Banks Pay Lowest Rates on Savings in 36 Months

Kenyan banks have been paying the lowest deposit rates in 36 months, with the average savings interest falling to 4.58 percent in September.

The removal of the floor interest rate last year has seen lenders ride on cheap deposits to grow record profits, according to Central Bank of Kenya (CBK) data.

Customers have lost Sh1.75 for every Sh100 in their savings accounts since the law was changed, with interest paid on large deposits from cash-rich firms such as Safaricom dropping to 6.98 percent in September from a peak of 8.26 percent in January last year.

Most banks have set a threshold below which they take deposits for free, resulting in the bulk of savings accounts not earning interest.

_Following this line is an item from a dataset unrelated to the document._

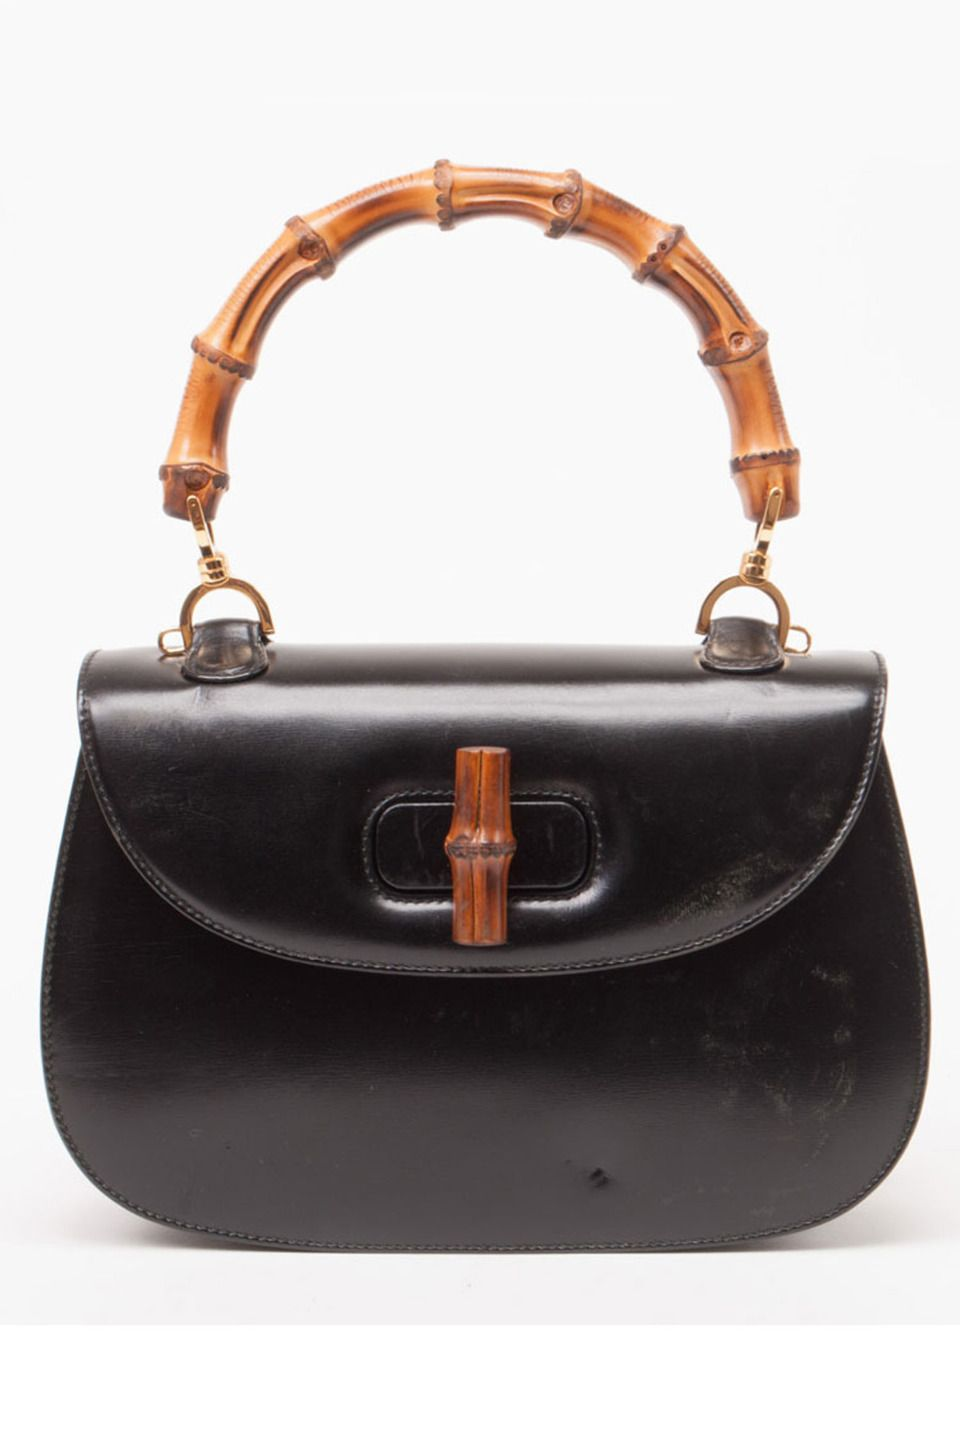 6376e1fe5f6c Gucci Kelly Bag With A Compact Mirror In Black. | Handbag Heaven ...
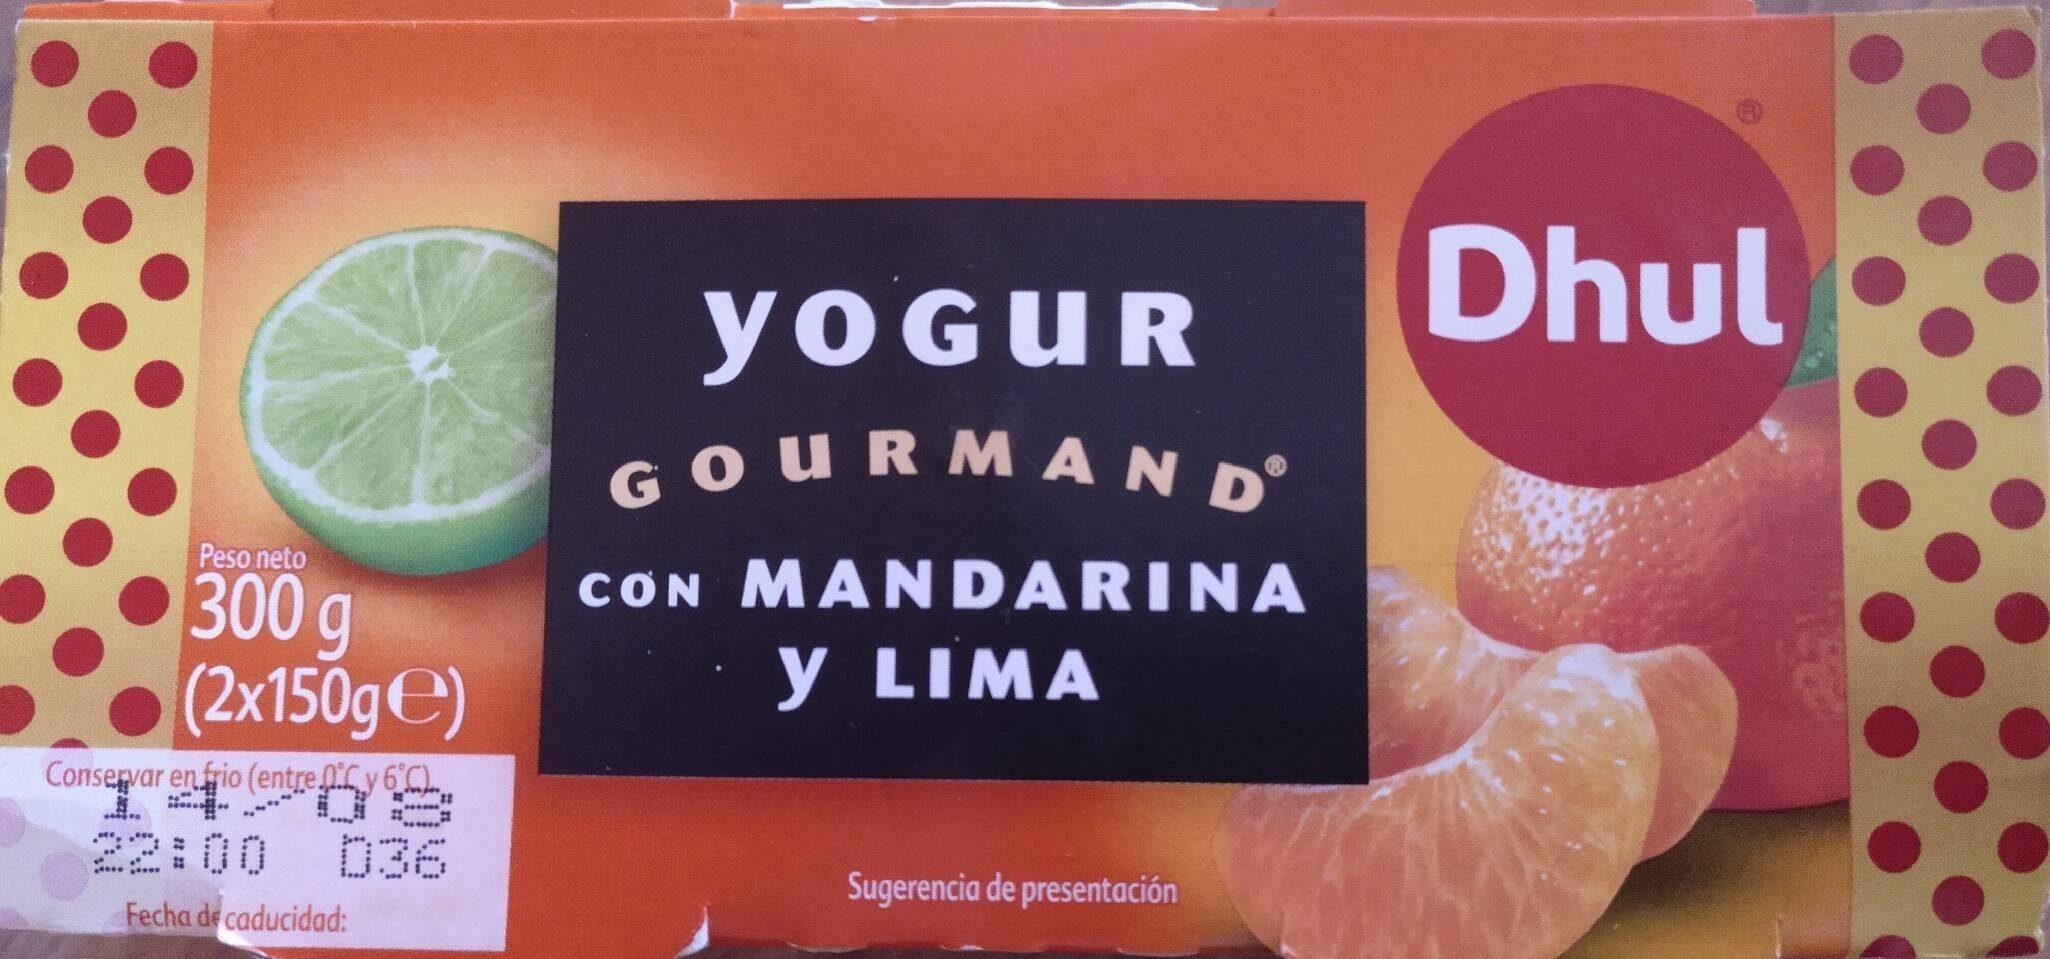 Yogur GOURMAND con mandarina y lima - Producto

Slashing interest expenses saved the lenders hundreds of millions of shillings, reducing the interest earnings by companies and individuals with large piles of cash in their bank accounts.

"Interest expenses have fallen due to a mix of factors. The removal of the floor for deposit rates led to a re-pricing of some saving accounts. There is also prudent management of liabilities," said John Gachora, the chief executive of NCBA Group.

The removal of the floor on deposit rates happened in September last year, while the cap in lending was removed on November 7, allowing banks to review the cost of new loans depending on the risk posed by the respective borrowers.

Low deposit rates widened the interest spread – the difference between borrowing and lending rates — to 7.89 per cent in September from 6.33 per cent in a similar period last year, giving banks larger margins to drive profits.

Patrick Mumu, an analyst at investment bank Genghis Capital, said the bigger banks have benefited most from the falling deposit rates, helped in part by the flight of wealthy depositors from smaller lenders.

CBK data shows that small banks controlled 21.15 percent of the number of Kenyans with more than Sh100,000 as savings last year, from 34.73 percent in 2016 when three troubled lenders were placed under receivership.